# Is there a specification of the PDR format



## kindleuser (Nov 12, 2010)

Apparently, notes and highlights for PDF files are stored in a separate file with file postfix .pdr.
The file content is stored in binary form. 

Is there any specification of this format available?

My motivation: I want to merge my PDF annotations with the original PDF document
to forward them to other people in one PDF file. Many others want to do the same
thing, but there does not seem to be a solution to that. I am wondering whether
one could simply read the PDR file and merge its content in the PDF file. To do so,
I need to understand the format.


----------



## pidgeon92 (Oct 27, 2008)

Are you sure about the extension, or that you are looking at the correct file? This is what I found when I googled that extension:



> File extension PDR description:
> The pdr file extension is associated with Windows Port device drivers, that allow certain USB devices, such as USB flash drives, to be recognized and used by a Windows-based computer.


----------



## kindleuser (Nov 12, 2010)

Yes, I am sure about the format.
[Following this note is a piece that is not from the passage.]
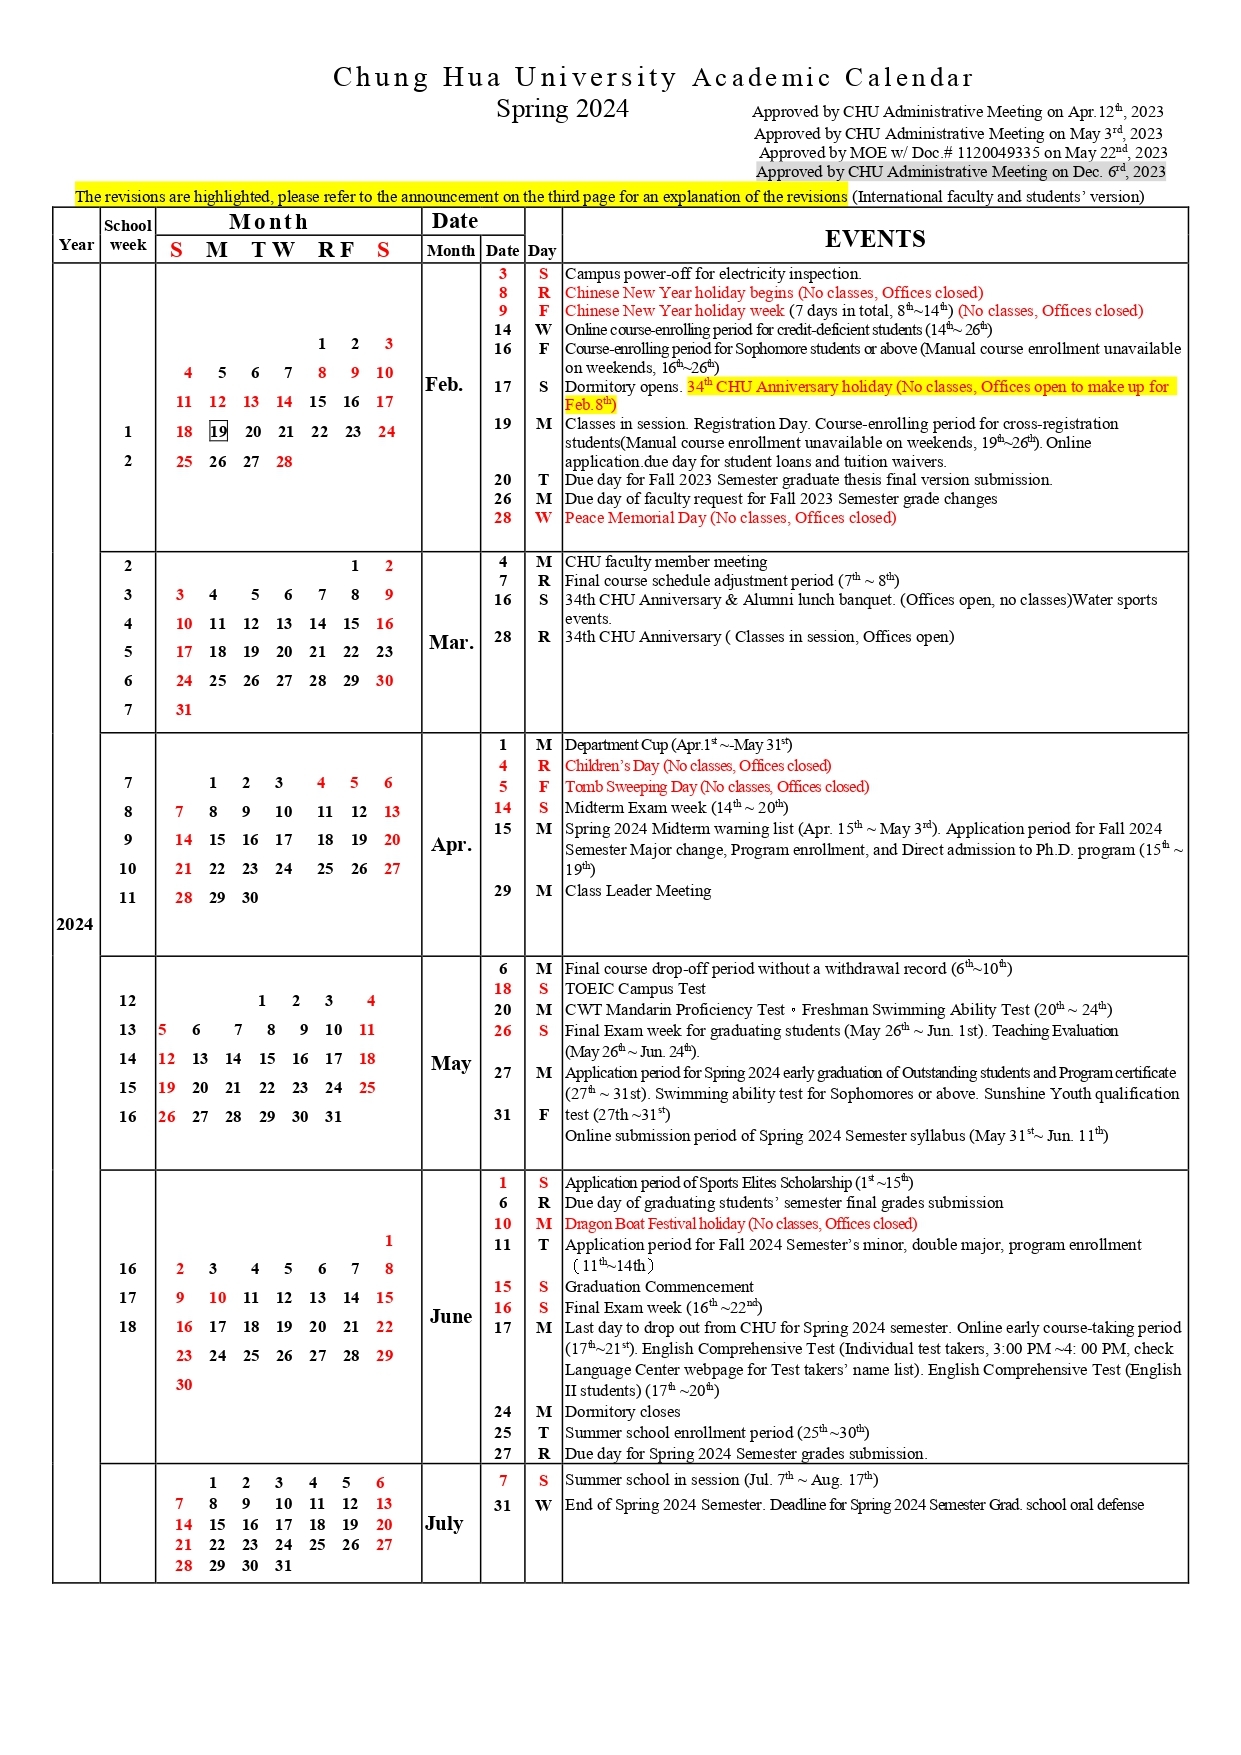 Chung Hua University Academic Calendar Fall 2023

PDR is an overloaded acronym. If you annotate
a file X.pdf, you will obtain a file.pdr in the Documents directory. In the Kindle
context, it does not relate to Windows drivers.


----------



## tsemple (Apr 27, 2009)

You can be sure that Amazon has a spec for it, since they invented the format. It would be nice if they would publish the spec, so 3rd parties could more confidently integrate Kindle into PDF workflows.

With any luck, it is similar to the .mbp format (for mobi/azw annotation), which has been partially reverse engineered (see http://www.angelfire.com/ego2/idleloop/mbp_reader.html) - except highlighted text is no longer stored in these, and so you have to be able to decode the mobi/azw file to extract this, which would require stripping DRM, etc.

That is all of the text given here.